Report looks at how non-EU nations handle novel foods, GMOs

A report has shown how the regulation of novel foods and genetically modified organisms is different around the world.

Research published by the Food Standards Agency (FSA) looked at international regulations on genetically modified and novel foods and how they differ from requirements in the United Kingdom.

Novel foods and genetically modified organisms (GMOs) are subject to a large variation in regulatory approaches in non-EU countries. A novel food is a food or substance that was not used for human consumption to a significant degree within the EU before mid-May 1997.

Countries selected for the novel foods review included Australia, Canada, Japan, and the United States while Argentina, Australia, Brazil, Canada, and the United States were studied in terms of GMOs.

Novel foods
The report, produced by Campden BRI, assessed how differences in regulations impacted trade and the approach countries have for authorization.
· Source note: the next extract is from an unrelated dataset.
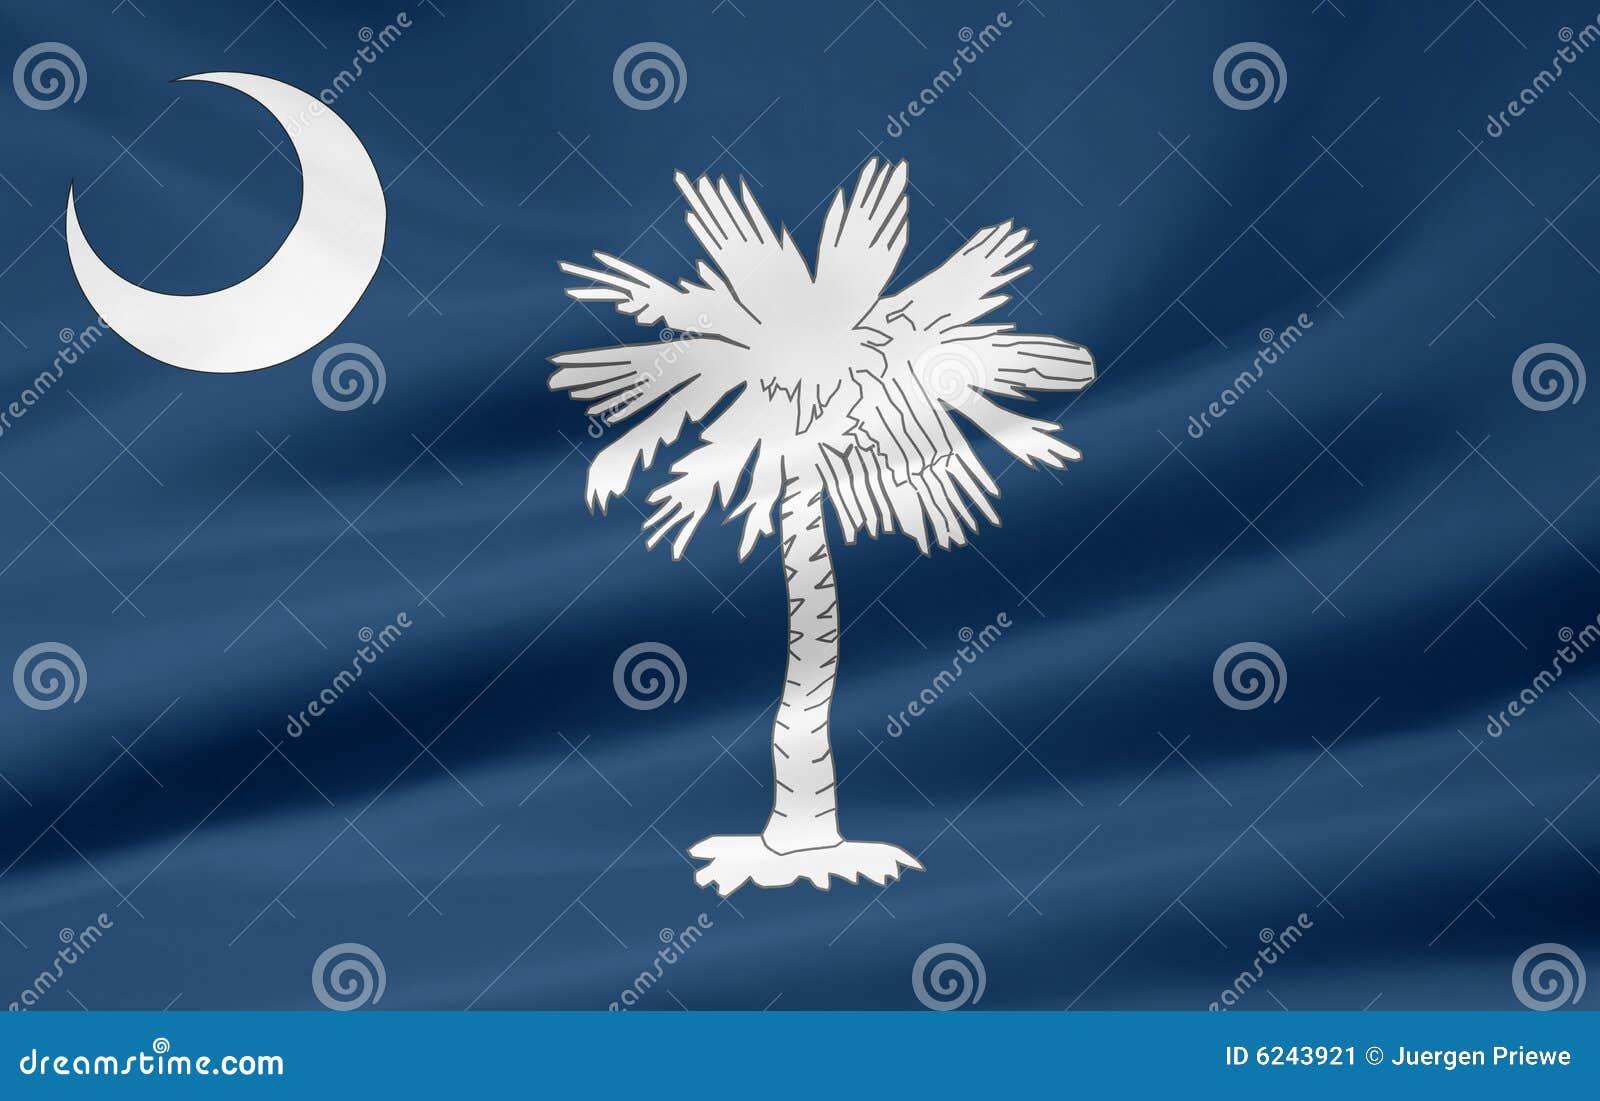 Södra carolina flagga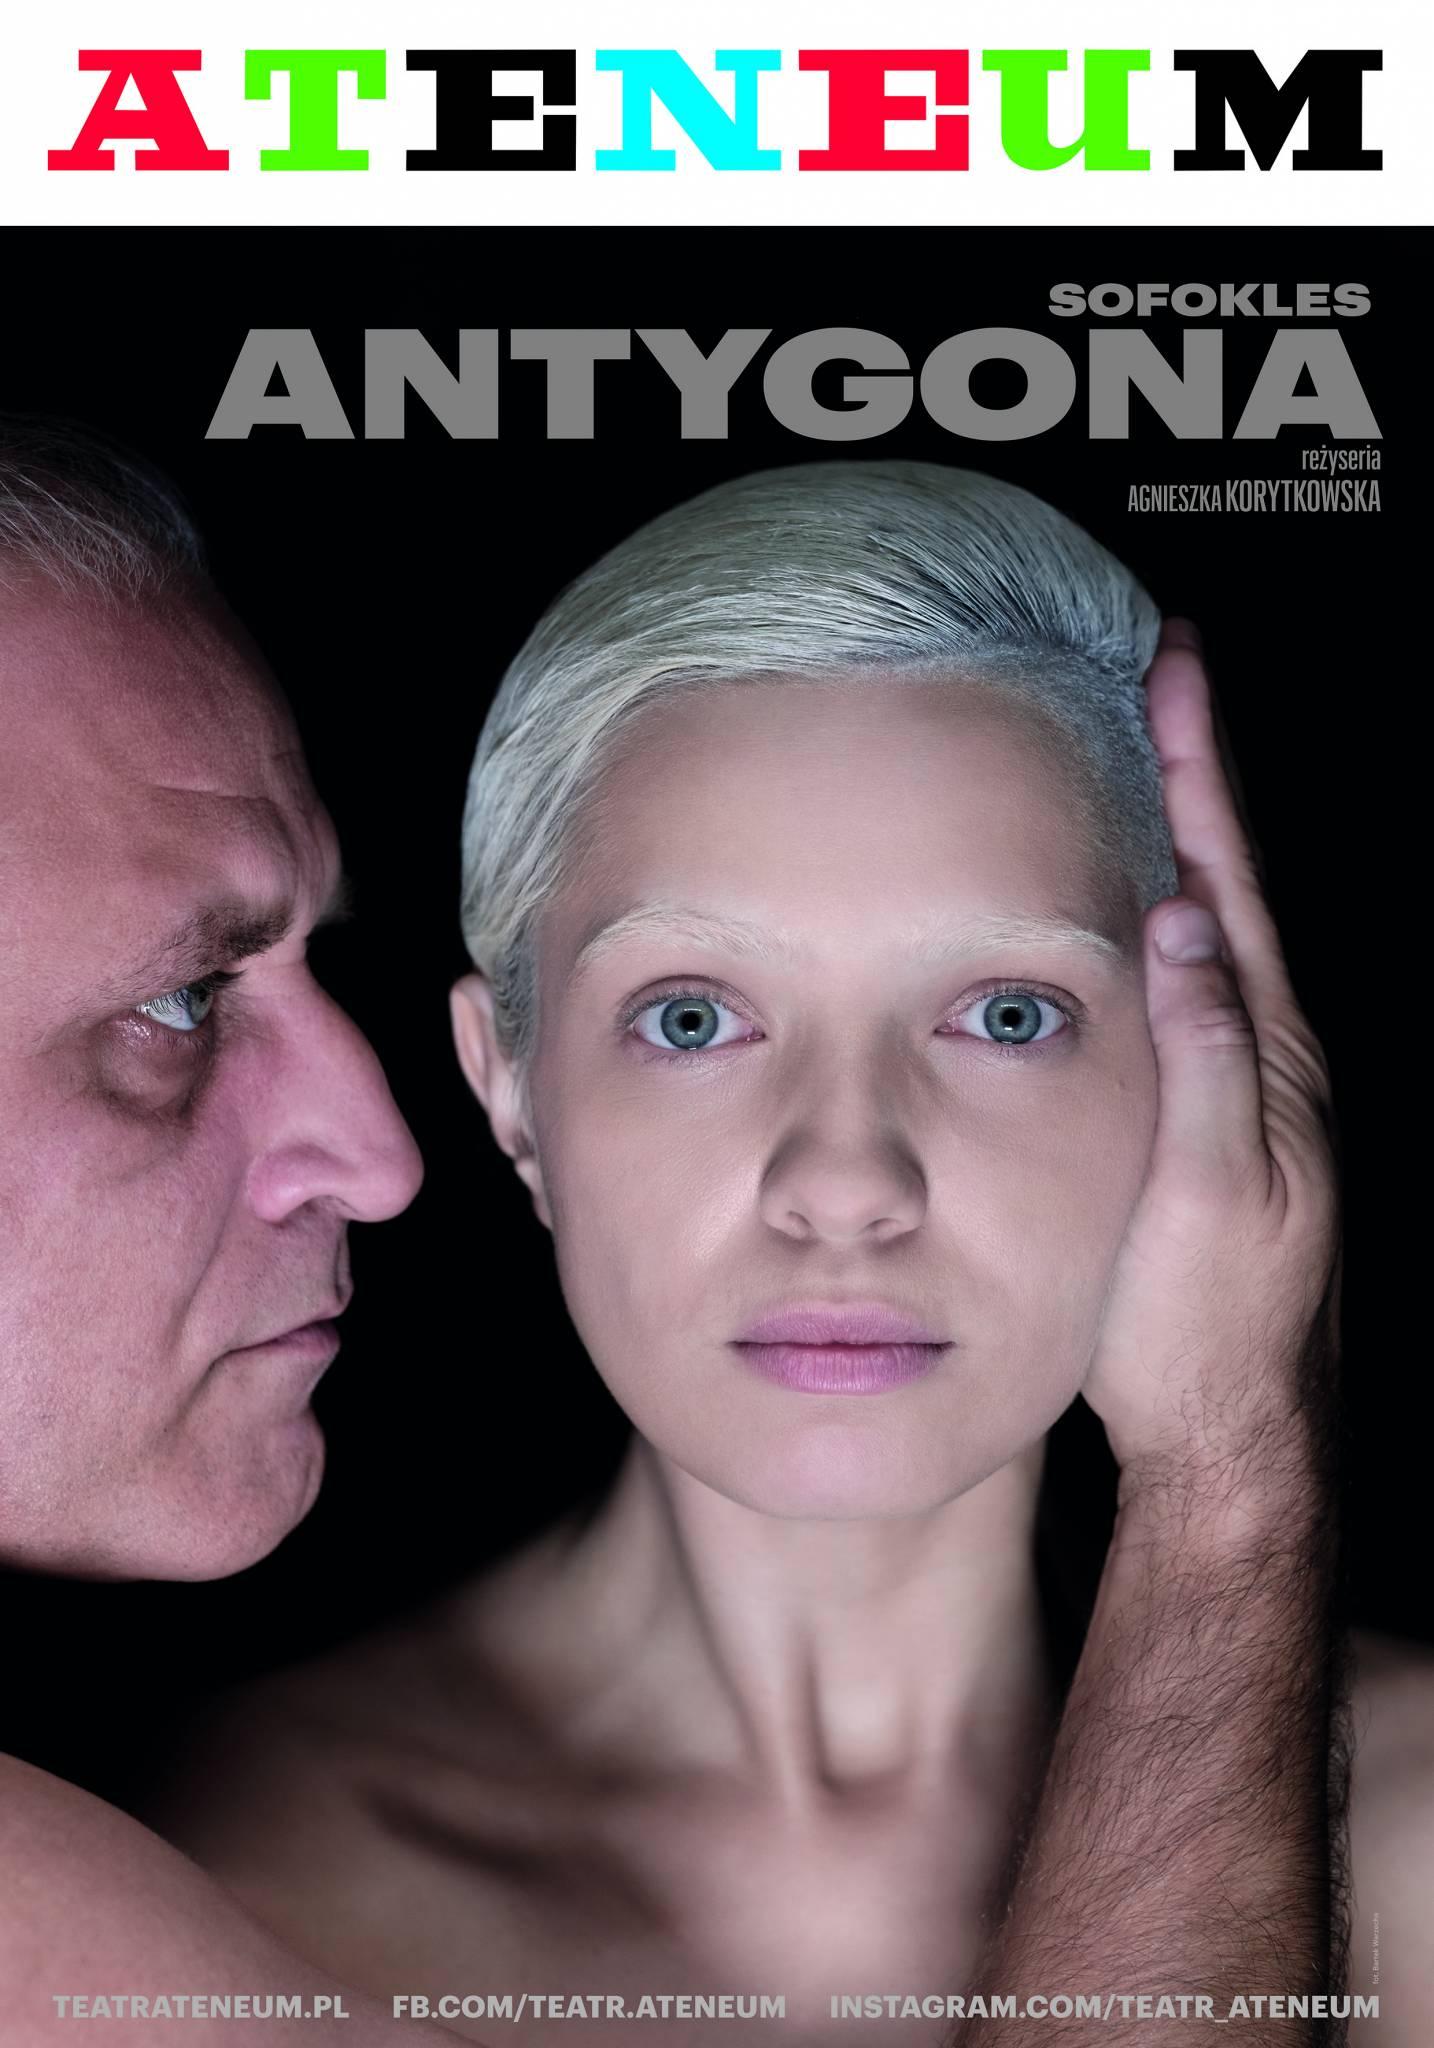 Teatr Ateneum w Warszawie: Antygona - mityczne Me too

Japan and the U.S. do not directly address novel foods or food ingredients in legislation. Australia and Canada have a regulatory stance that more closely reflects the EU position, however, there are differences in the definitions, what falls under novel food legislation, and authorization procedures. In both markets, approval is required before such food is sold.

In the UK, local authorities, including trading standards and environmental health officers, are responsible for the inspection of novel foods on the market and enforcement of such legislation.

Genetically modified foods
For GMOs, the EU and Australia place emphasis on the process used to derive the product while Argentina, Canada, and the United States focus on the final product. The Australian approach relies on the regulator reviewing the lists of techniques that generate or do not generate GMOs. In Canada and the United States, genetically modified products are regulated under the same legal provisions as their conventional counterparts.

Argentina and Canada have no mandatory requirements for labelling GMO content in foods. Such labelling is required in Australia, Brazil, and the EU but the rules are different.

Results from the Department of Environment, Food and Rural Affairs’ (Defra) consultation into the regulation of genetic technologies are due later this year.

Robin May, FSA chief scientific adviser, said it was vital to carry out research into all elements of the food system.

“Any possible changes to regulatory processes, whether relating to GMOs, novel foods or anything else, would be a decision for ministers but we provide advice based on the very latest science and evidence available, ensuring that our absolute priority remains protection of public health.”

A review of global agreements found there was no reference to novel foods or foods from genetically modified organisms.

The EU approach to regulating genetically modified crops has been the subject of a dispute assessed in the World Trade Organization. The EU’s definition of what constitutes a novel food has also been discussed, particularly with South American states.

Genome editing opinions
A separate survey has found consumers have very low awareness and knowledge of genome edited food. Most had not heard of genome edited food or confused it with GM food.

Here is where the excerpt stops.